Context is king. The polls were not the only source of information about the 2016 race. Fundamentals models---based on economic indicators, presidential approval, and incumbency---suggested a closer race than the polls implied. Campaign reporting from the ground in Michigan and Wisconsin suggested that Clinton's operation there was weaker than it appeared. These signals were largely ignored in favor of the polling data. The lesson is that good analysis integrates multiple sources of evidence, not just the most quantitative one.

Connecting to the Garza-Whitfield Race

Imagine it is late October in the Garza-Whitfield race. Meridian Research Group's final poll shows Garza leading Whitfield by 3 points among likely voters. How should each of the following interpret this result, given what happened in 2016?

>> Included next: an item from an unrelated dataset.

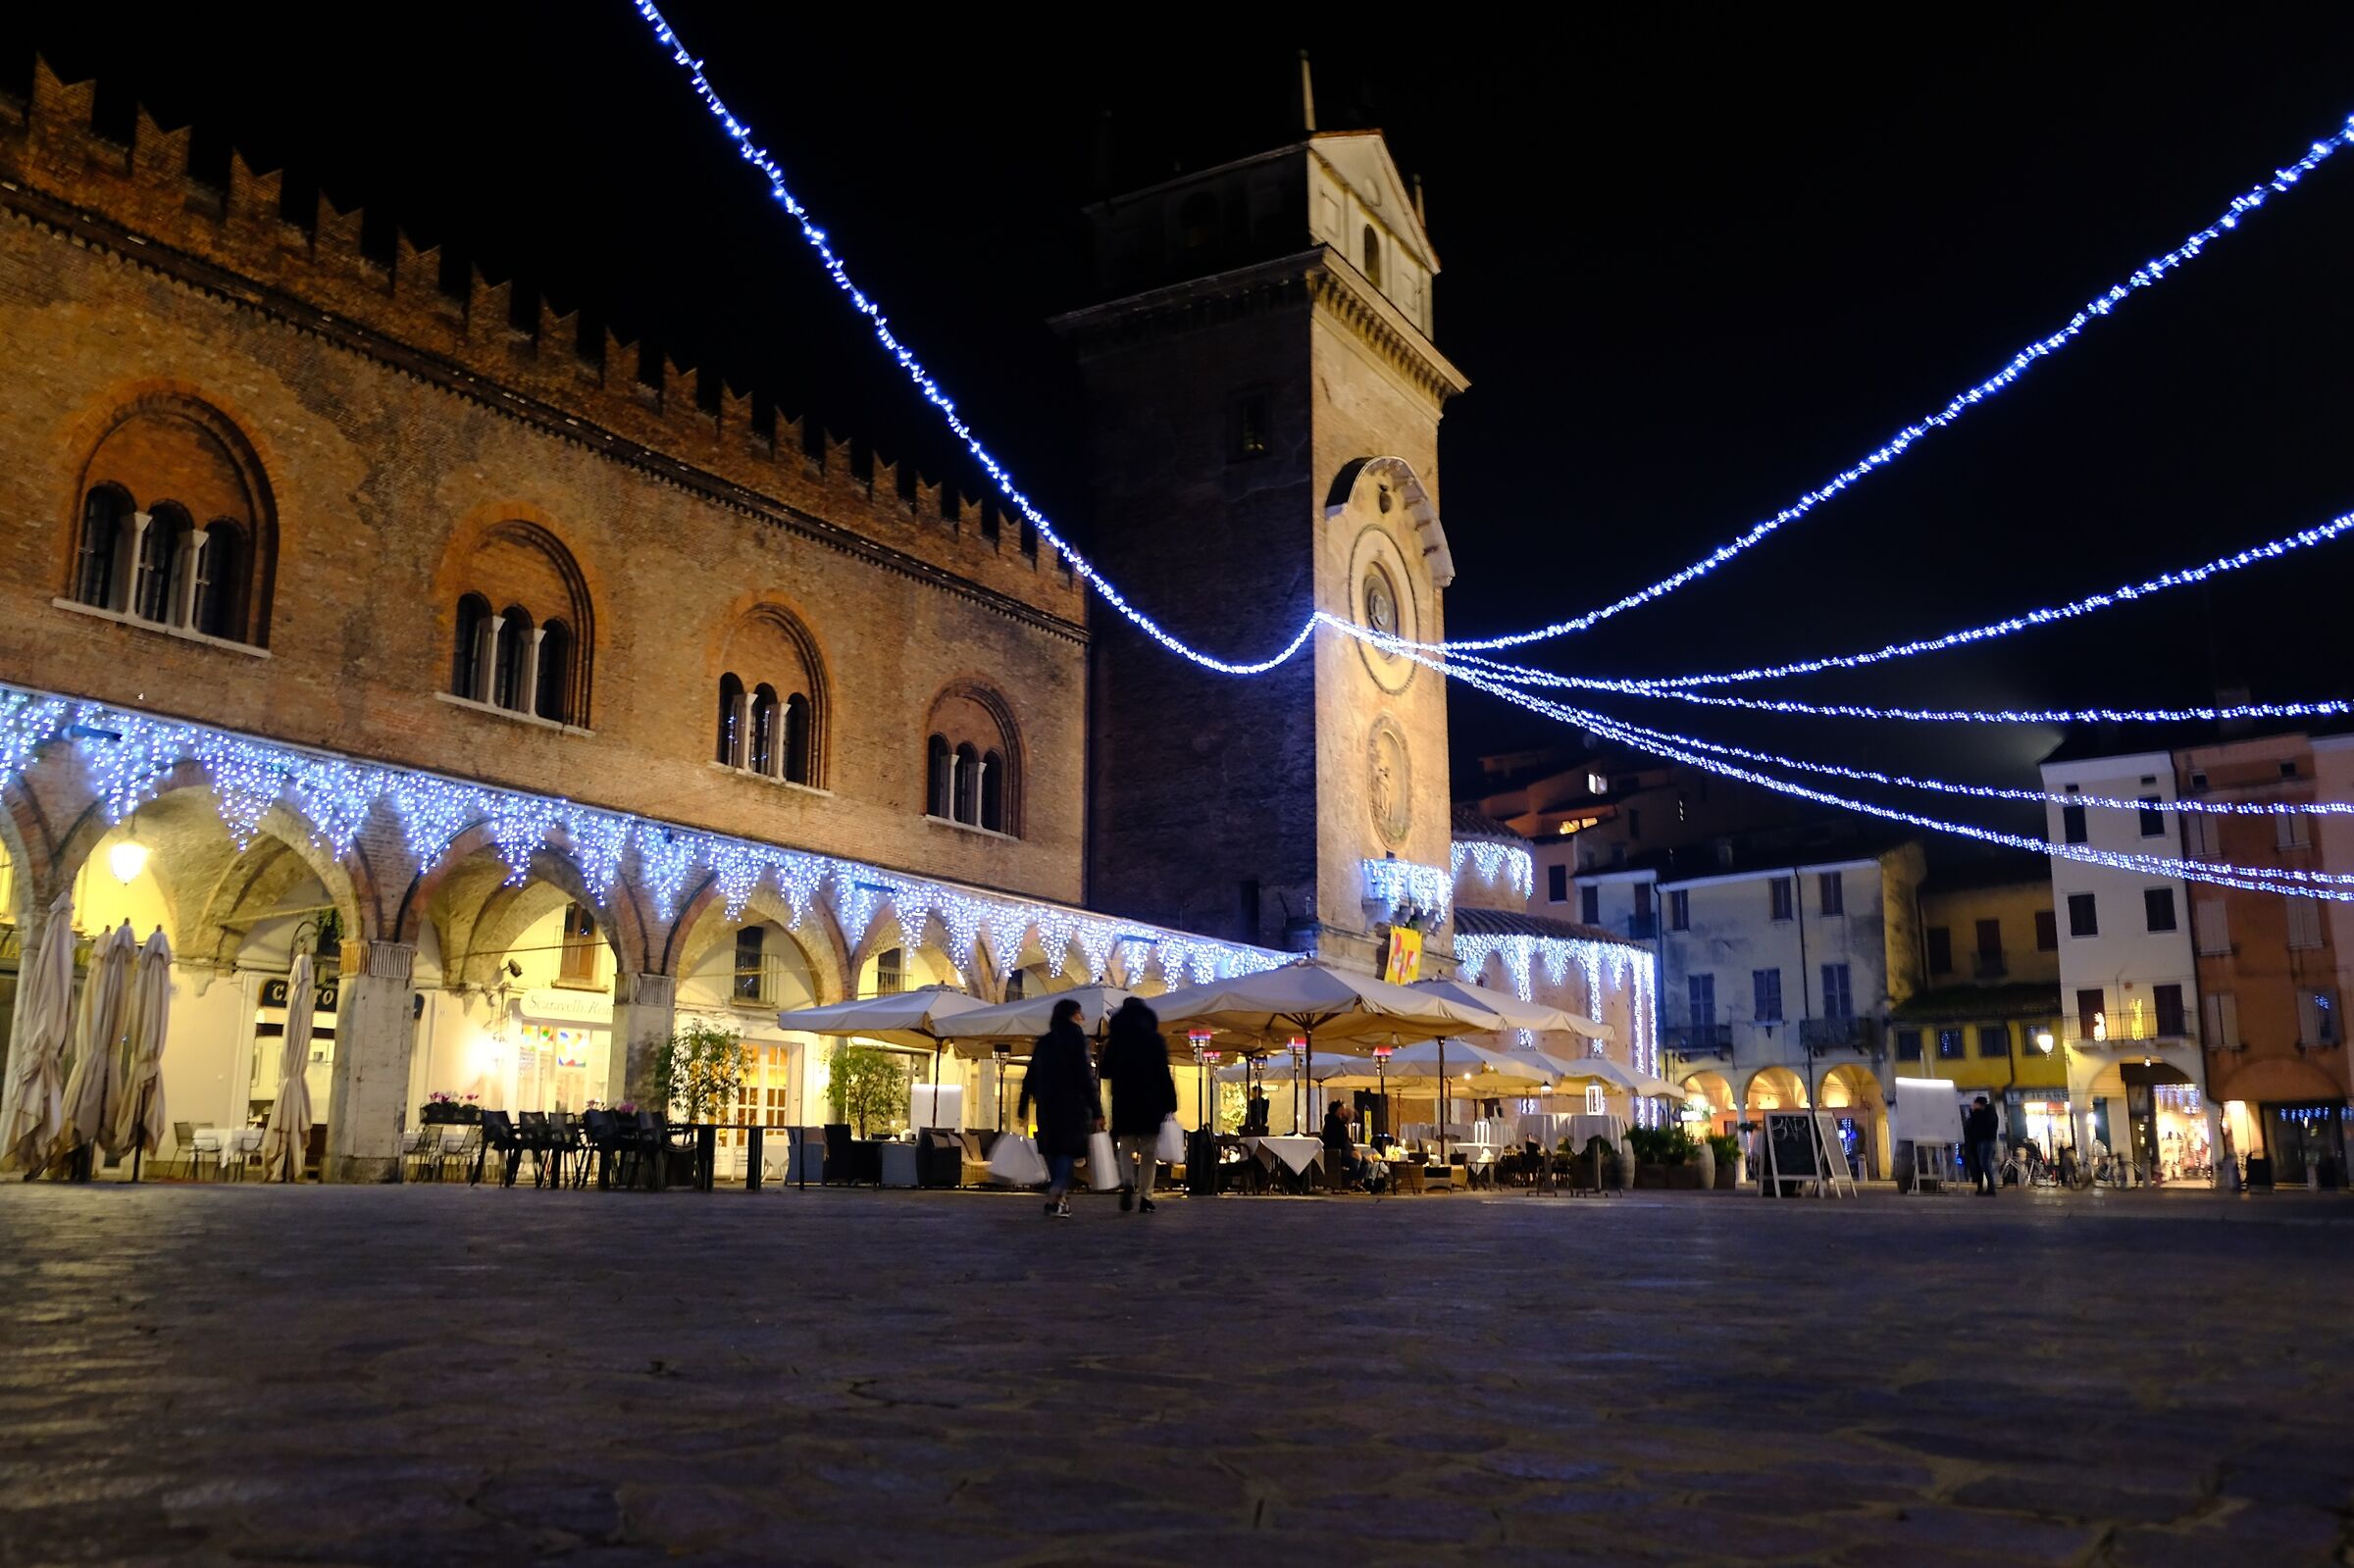 Pre Christmas shopping in Piazza delle Erbe in Mantua ...

  • Vivian Park at Meridian would note the margin of error (likely plus or minus 3.5 points), meaning the race is statistically a toss-up. She would also worry about nonresponse bias---are there Whitfield supporters who are not answering Meridian's calls?
  • Nadia Osei on the Garza campaign would treat the poll as one data point among many, cross-referencing it with internal polling, early vote returns, and field reports. She would not relax her turnout operation based on a 3-point lead.
  • Jake Rourke on the Whitfield campaign would tell his candidate that the race is winnable and that a 3-point deficit in the polls might overstate Garza's actual lead, given historical polling errors in races with similar demographics.
  • Sam Harding at ODA would publish the poll with context: the margin of error, how it compares to other polls, and a reminder that polls are snapshots, not prophecies.

Discussion Questions

  1. In 2016, forecasters gave Clinton probabilities ranging from 71 percent to 99 percent. How should consumers evaluate competing forecasts with such different estimates? What questions would you ask to determine which forecast was most reliable?

  2. The chapter's theme of "The Gap Between the Map and the Territory" is directly relevant to 2016. In what sense were the polls and forecasts a "map" of the political landscape? Where did the map diverge from the territory, and why?

  3. After 2016, many pollsters began weighting by education to correct the nonresponse bias that had distorted their results. Is this a satisfactory solution? What new biases might it introduce? What other variables might be important to weight on that are not currently standard?

  4. Should election forecasters stop publishing probability estimates because the public misinterprets them? Or is the solution better education about what probabilities mean? What would you propose?

  5. Nadia Osei left a PhD program partly because she was drawn to the immediacy of campaign work. How might her academic training help her avoid the mistakes that forecasters made in 2016? How might the pressures of campaign work make those mistakes more likely?